If you are 50/50 members of an LLC, there is a very likely possibility that you will reach a deadlock on some decision down the road.  What do you do then? If you have nothing in your operating agreement, you are most likely stuck in the situation.  Courts will most likely not grant you dissolution based on a deadlock between members alone.  You are stuck. A proper operating agreement can provide several mechanisms to resolve deadlocks among LLC members.
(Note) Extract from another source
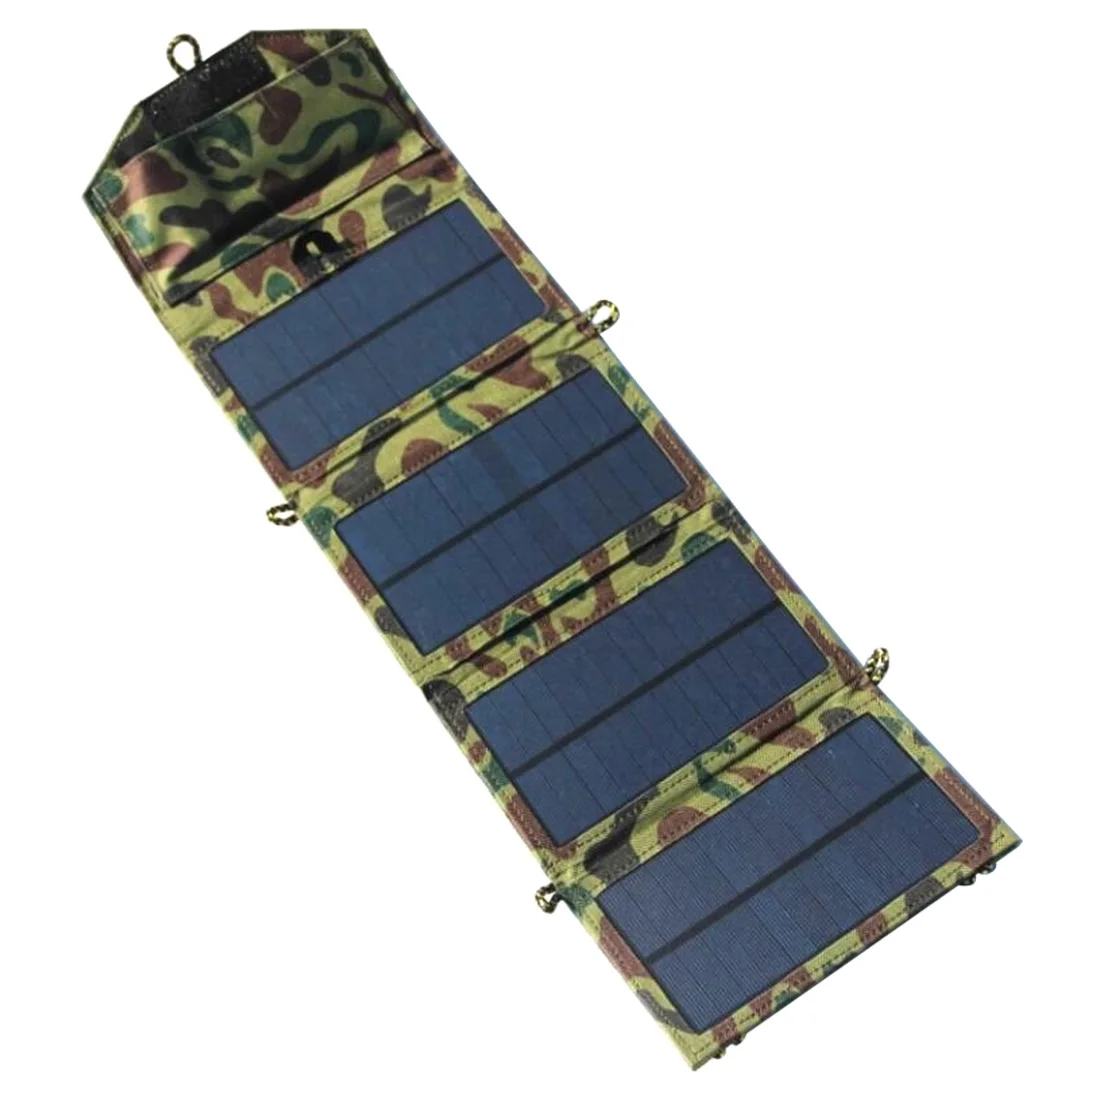 7W 5V портативное солнечное зарядное устройство для мобильного телефона iPhone Складная моно солнечная панель+ Складная солнечная USB зарядное устройство - Цвет: Зеленый камуфляж

Again, the Legalzoom agreement has no provisions for resolving deadlocks.

Imke Ratschko Small Business Lawyer

For legal advice, call 212 2531027 or contact me here.

Your heirs get close to nothing when you die

When an LLC member dies, and the operating agreement does not have specific provisions about if and how your membership interest transfers to your heirs, your heirs may be in for a bad surprise.  Pursuant to Section 603 of the NY LLC Law, they only inherit the economic interest, but no voting rights and not even rights to inspect the books and records of the LLC.  They are completely dependent on the goodwill of the remaining members and if there is no such goodwill, may well never see any benefit from having inherited your membership interest. Of course, the LegalZoom agreement has no provisions dealing with the death of a member.